Inequality and Racial Backlash: Evidence from the Reconstruction Era and the Freedmen's Bureau
Eric Chyn, Kareem Haggag & Bryan Stuart
NBER Working Paper, April 2024

Abstract:
How do majority groups respond to a narrowing of inequality in racially polarized environments? We study this question by examining the effects of the Freedmen's Bureau, an agency created after the U.S. Civil War to provide aid to former slaves and launch institutional reform in the South. We use new historical records and an event study approach to estimate impacts of the Bureau on political economy in the South. In the decade immediately after the war, counties with Bureau field offices had reduced vote shares for Democrats, the major political party that previously championed slavery and opposed Black civil rights during Reconstruction. In the longer-run, we find evidence of backlash in the form of higher Democratic vote shares and increases in several forms of racial violence, including lynchings and attacks against Black schools. This backlash extends through the twentieth century, when we find that counties that once had a Bureau field office have higher rates of second-wave and third-wave Ku Klux Klan activity and lower rates of intergenerational economic mobility.
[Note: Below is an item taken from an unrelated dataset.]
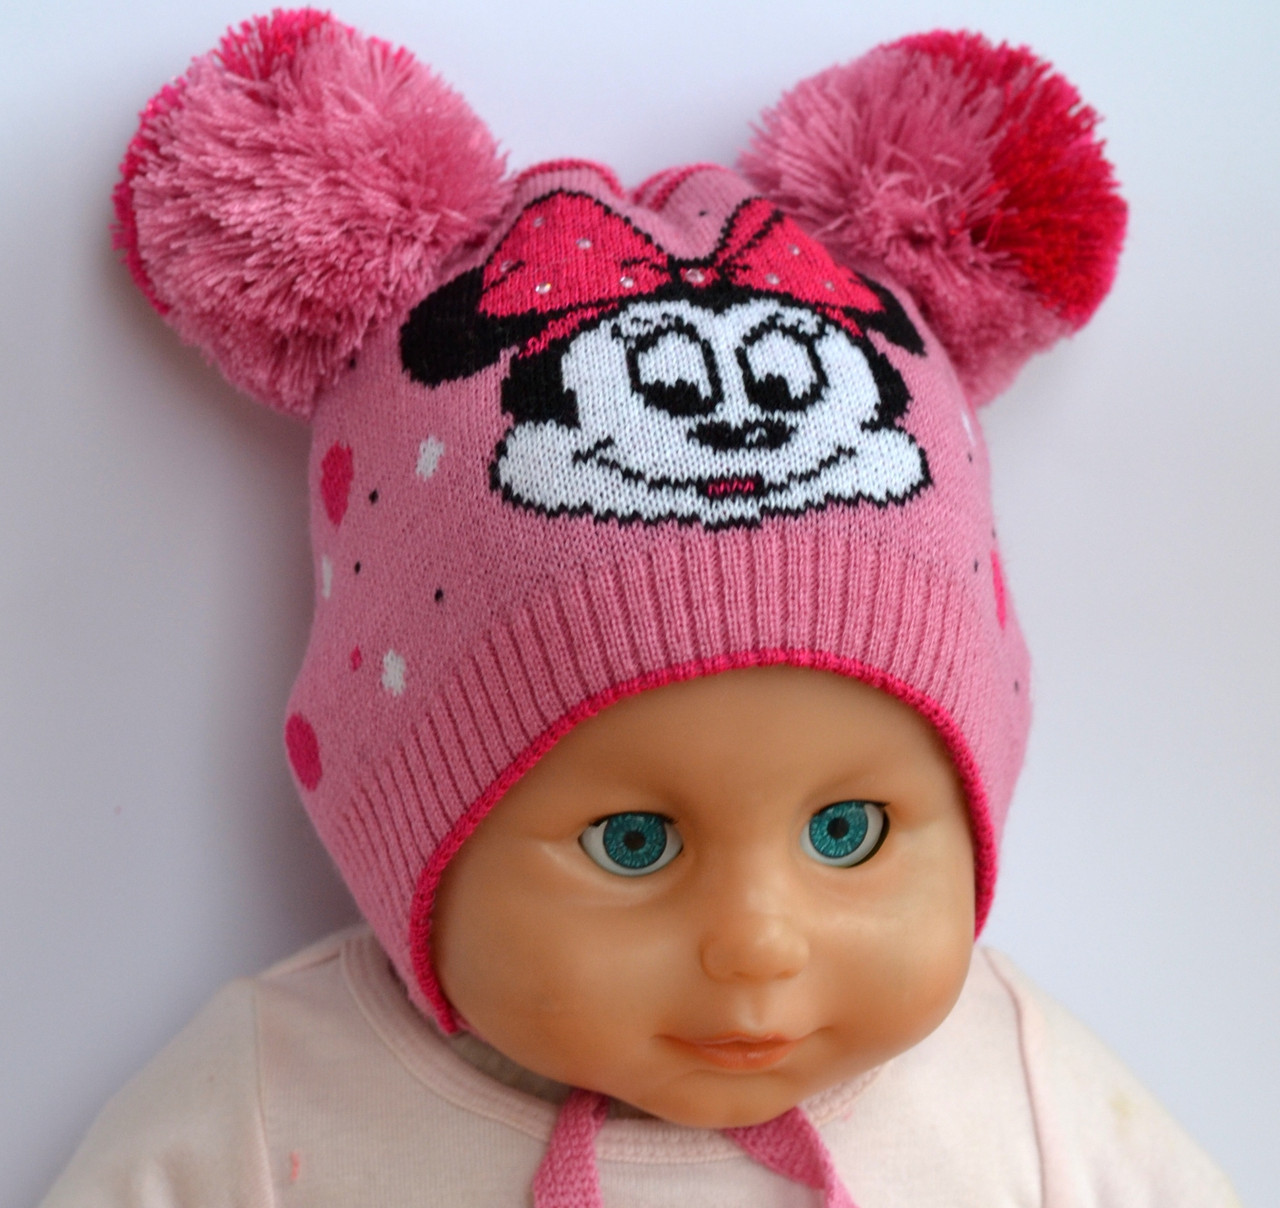 Шапка для девочки Микки Маус розовый Арктик 002 (р.40-44)

Overall, our results suggest that the initial impacts of the Freedmen's Bureau stimulated countervailing responses by White majorities who sought to offset social progress of Black Americans.


Race, immunity, and lifespan: Unraveling the effect of early-life exposure to malaria risk on lifespan
Sok Chul Hong & Inhyuk Hwang
Economics & Human Biology, August 2024

Abstract:
We investigate a historical experience to measure the long-term effect of malaria on lifespan among infected survivors and identify a factor that mitigates malaria's effect. Using a sample of Union Army veterans born during the mid-19th century and their lifetime records, we show that exposure to high risk of malaria at birth or in early life substantially shortened their lifespan. The legacy of exposure to malaria is robust while controlling for lifetime socioeconomic and health conditions, fixed effects, and considering selection bias. Additionally, we include the US Colored Troops sample of black veterans to analyze racial differences in the effect of malaria exposure on lifespan. Exposure to malaria did not lead to a shorter lifespan among black veterans. Evidence suggests that genetic immunity to malaria in black veterans might contribute this heterogeneity.